Hemen belirtilmelidir ki, davada ileri sürülen vekalet görevinin kötüye kullanıldığı iddiası her türlü delille kanıtlanabileceği gibi, bu iddiaya karşı koyan davalı tarafın da vekalet görevinin kötüye kullanılmadığını her türlü delille savunabileceği kabul edilmek gerekir. Anılan husus, açılmış bir davada iddia olarak ileri sürülmeyip savunma olarak dile getirildiğine göre, olayda 5.2.1947 tarihli ve 20/6 sayılı İnançları Birleştirme Kararına aykırılık yaratıldığından da söz edilemez.
Yukarıdaki açıklama ışığında dosya içeriği ve toplanan deliller, özellikle tanık anlatımları birlikte değerlendirildiğinde; çekişmeli bağımsız bölümün, davacı ile davalı kardeşi ... arasında kararlaştırılan anlaşma uyarınca davacının bilgisi dahilinde ve iradesine uygun biçimde temlikinin sağlandığı sonuç ve kanaatine varılmaktadır.
Hal böyle olunca, davanın reddine karar verilmesi gerekirken, yanılgılı değerlendirme ile kabul edilmesi doğru değildir.
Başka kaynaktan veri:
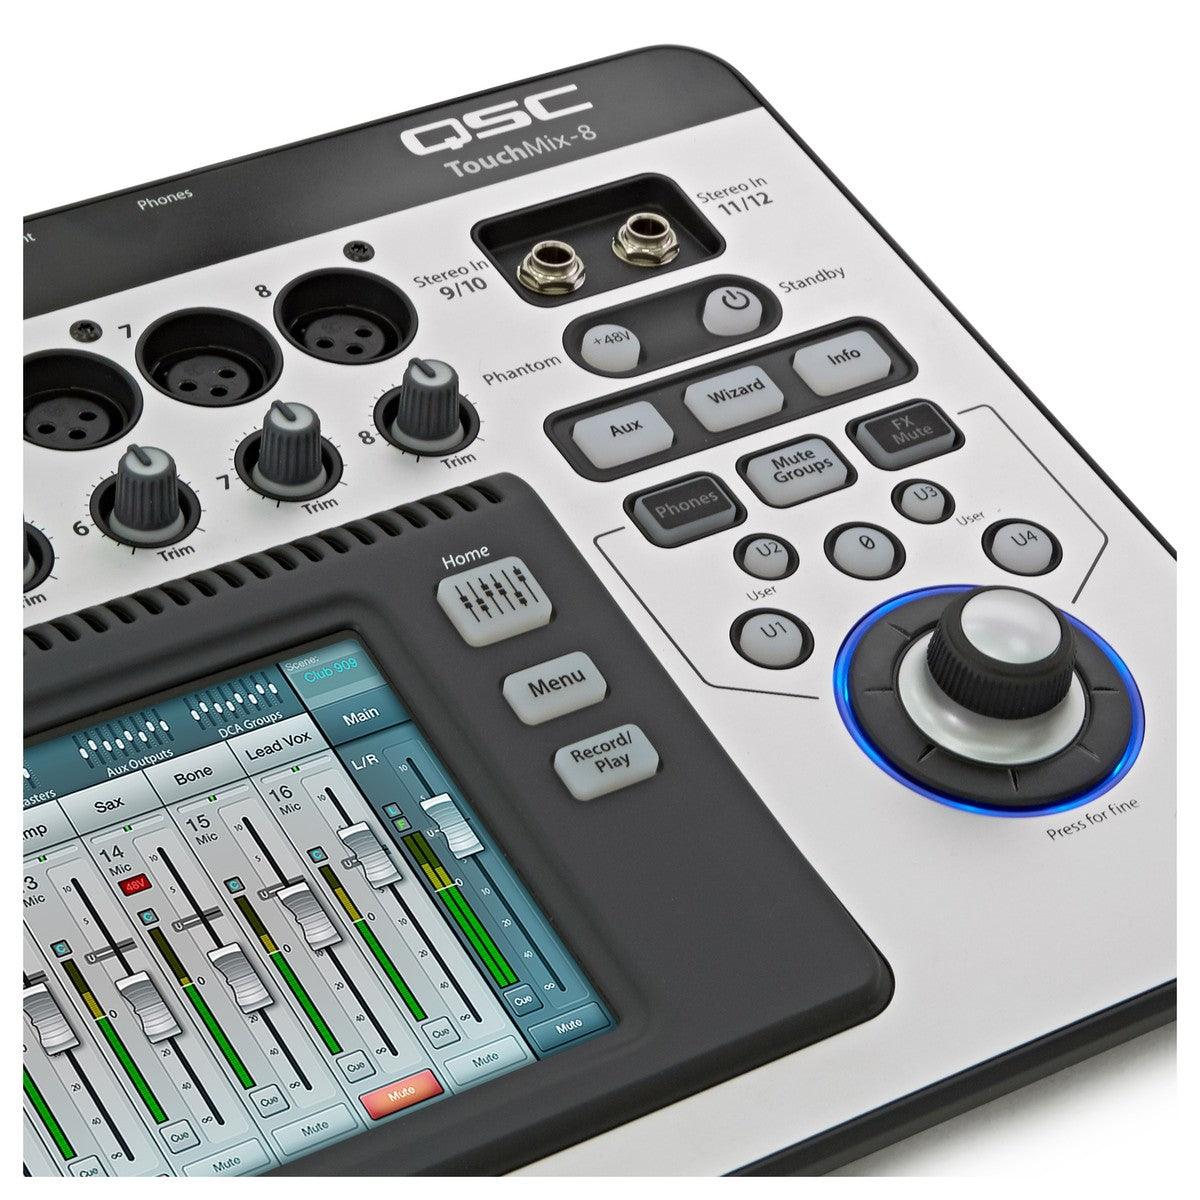 QSC TouchMix 8 Compact Digital Mixer - DY Pro Audio

Davalıların temyiz itirazı açıklanan nedenden ötürü yerinde bulunduğundan kabulüyle, 6100 sayılı Hukuk Muhakemeleri Kanunu"nun 371/1-a maddesi uyarınca ... Bölge Adliye Mahkemesi 2. Hukuk Dairesi kararının BOZULMASINA, aynı Kanun′un 373/2. maddesi uyarınca dosyanın kararı veren ... Bölge Adliye Mahkemesi 2. Hukuk Dairesine gönderilmesine, alınan peşin harcın temyiz edene geri verilmesine, 21/01/2021 tarihinde oybirliğiyle karar verildi.